I meant faith and reason perhaps more specifically in terms of science and religion, which I group under faith and reason. The creationism movement seems to have a popular force to it in traditionalist circles, but I can't help but wonder if this is truly what tradition taught or whether it is a thoroughly modern reaction to exaggerations in aggressively ideological expositions of evolution and atheistic cosmology.

To Xan: I think the Catholic Church allows for both attitudes, one that submits to the mystery and one that inquires as far as reason can. When done properly, I don't think the pursuit of explanation diminishes mystery but heightens it. The doctors of the Church reveal this tendency, and all of them were mystics. Believe it or not, for most things, I am inclined to let it go, but certain topics my mind can't help but work over.

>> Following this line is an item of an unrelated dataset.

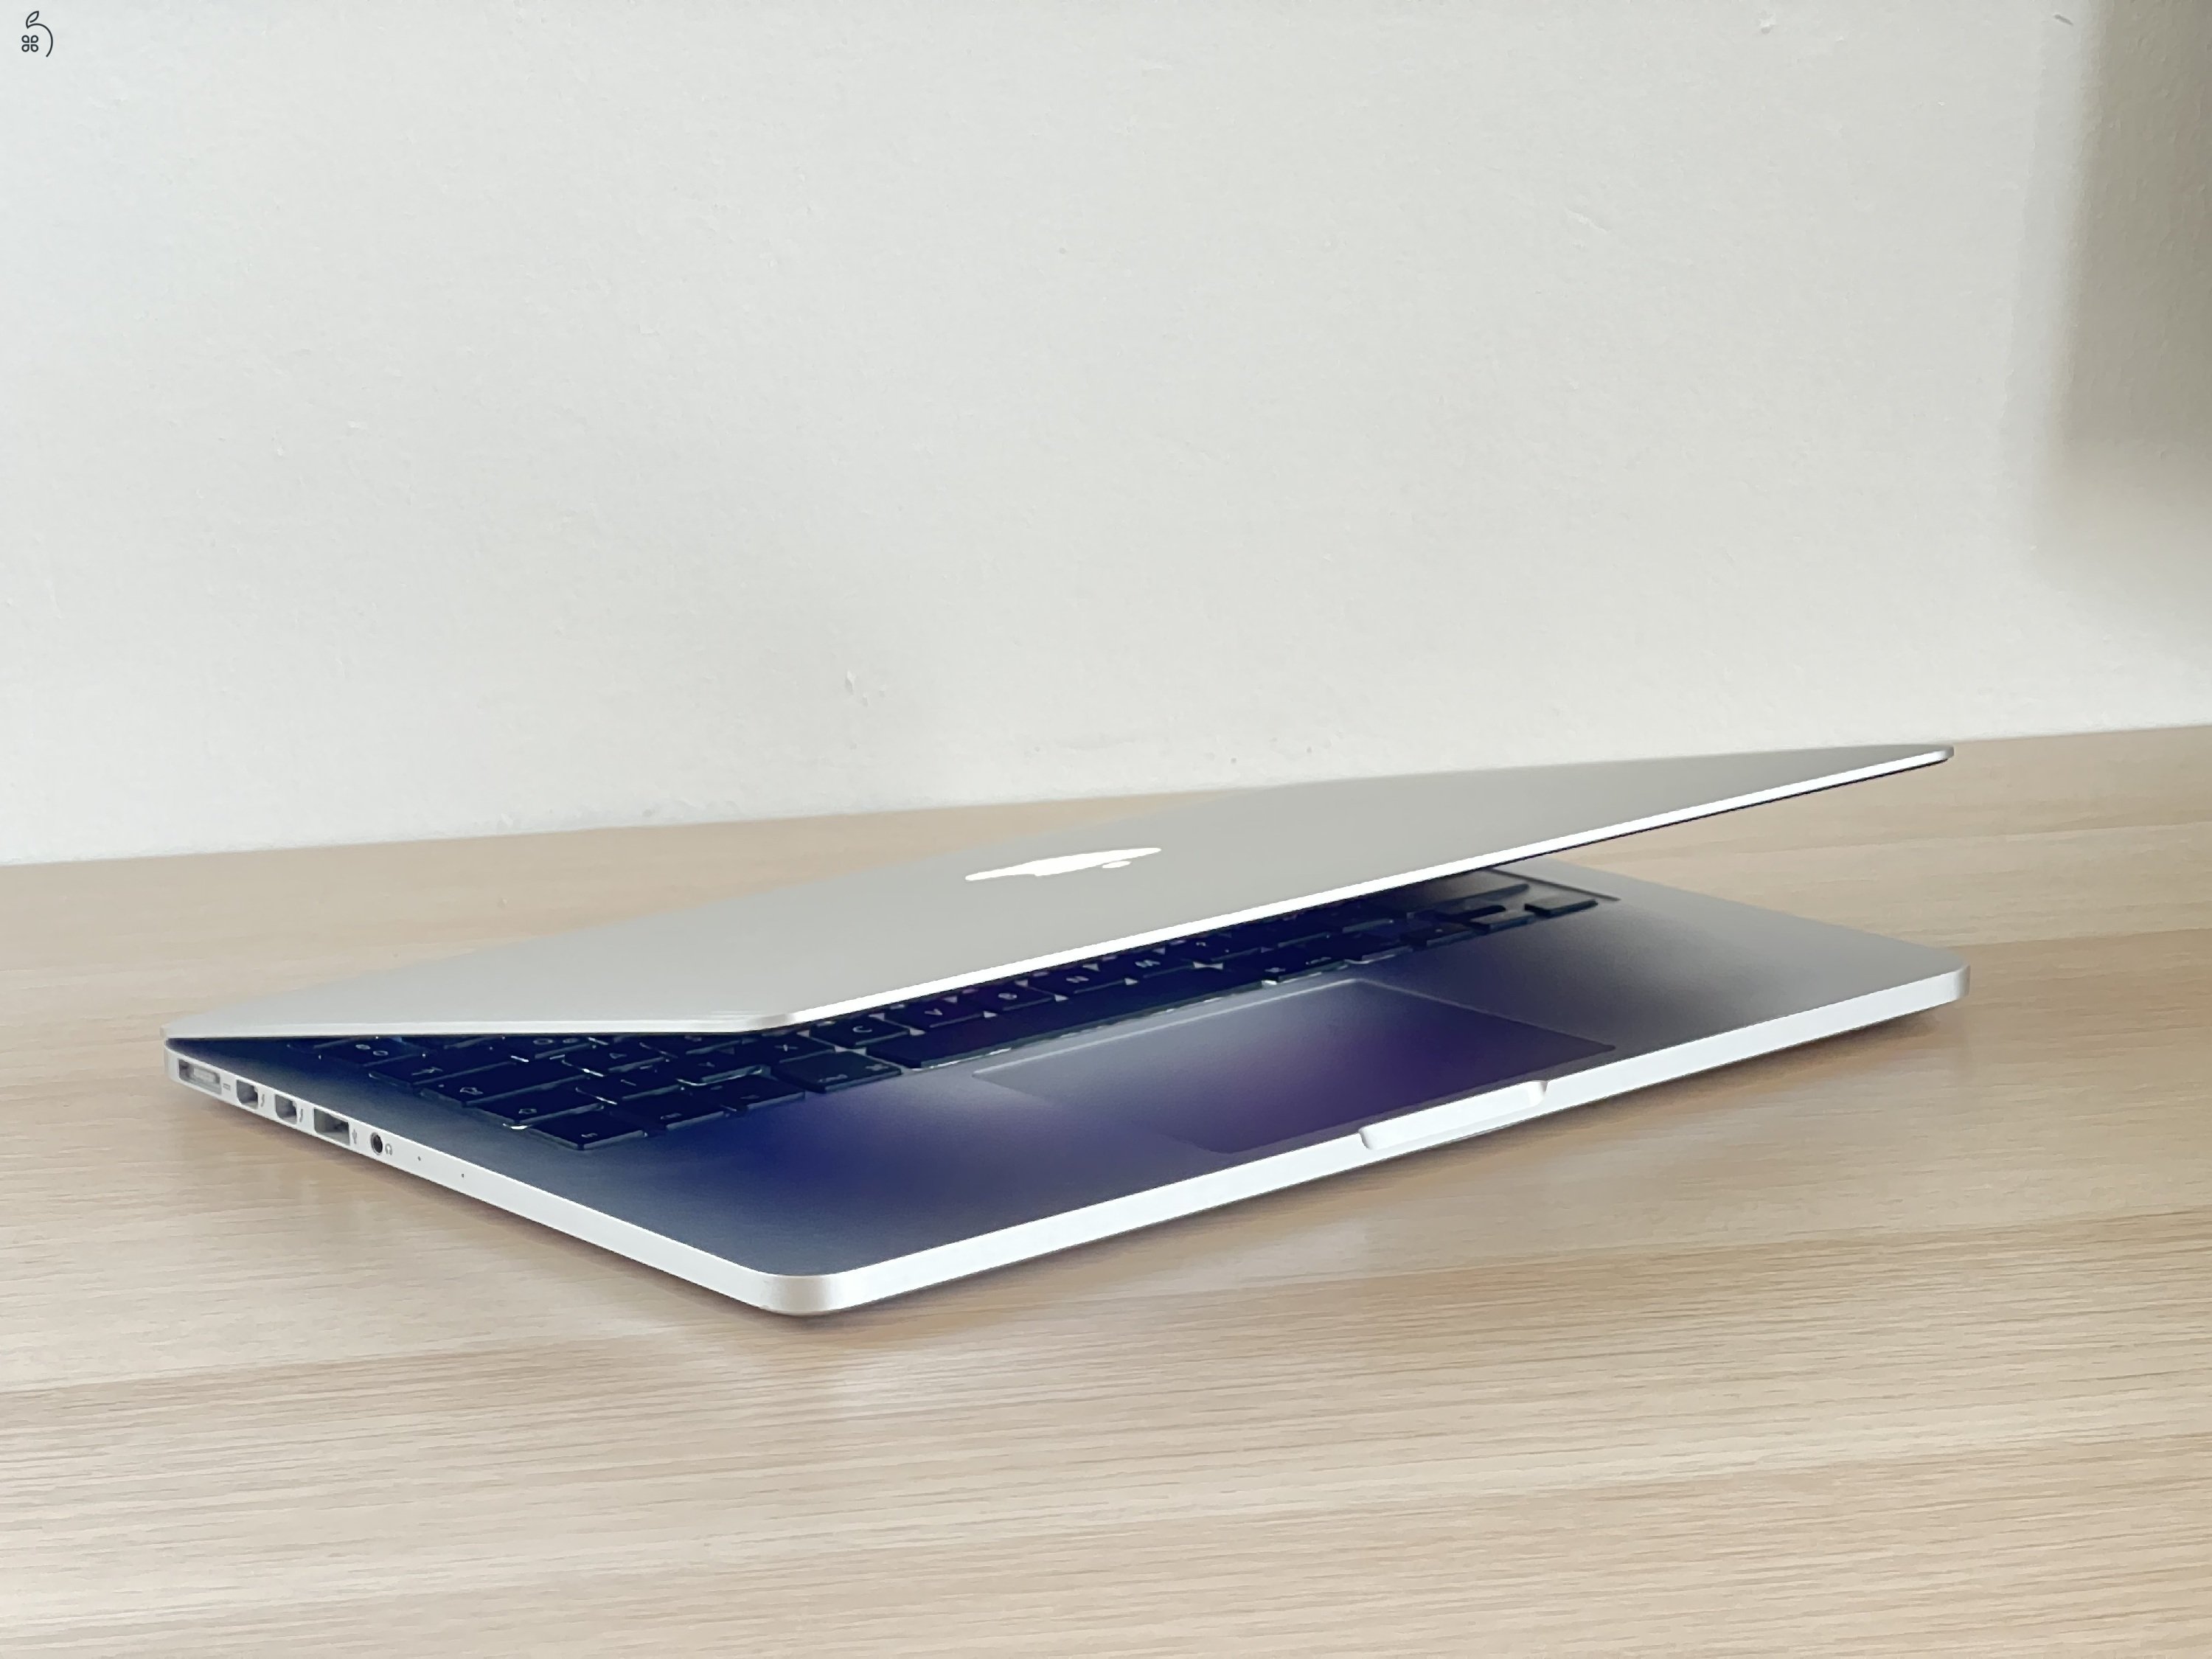 MacBook Pro 2014 CTO i5 16GB RAM 256GB SSD Intel Iris 1,5GB magyar

To Antonius: Yes, I agree. The lack of perspective is so characteristic of a modernist culture. Interestingly, where postmodernism (or rather ultramodernism) calls for a retrieval of history, this is usually simply for the purpose of deconstructing modern narratives and not because the perspective may challenge us to re-evaluate even the deconstructive impulse and return to older, traditional ways of living and thinking. It's the difference between the historian who makes himself the magisterium and the historian who finds edification in his knowledge of history amidst the current storms and crises.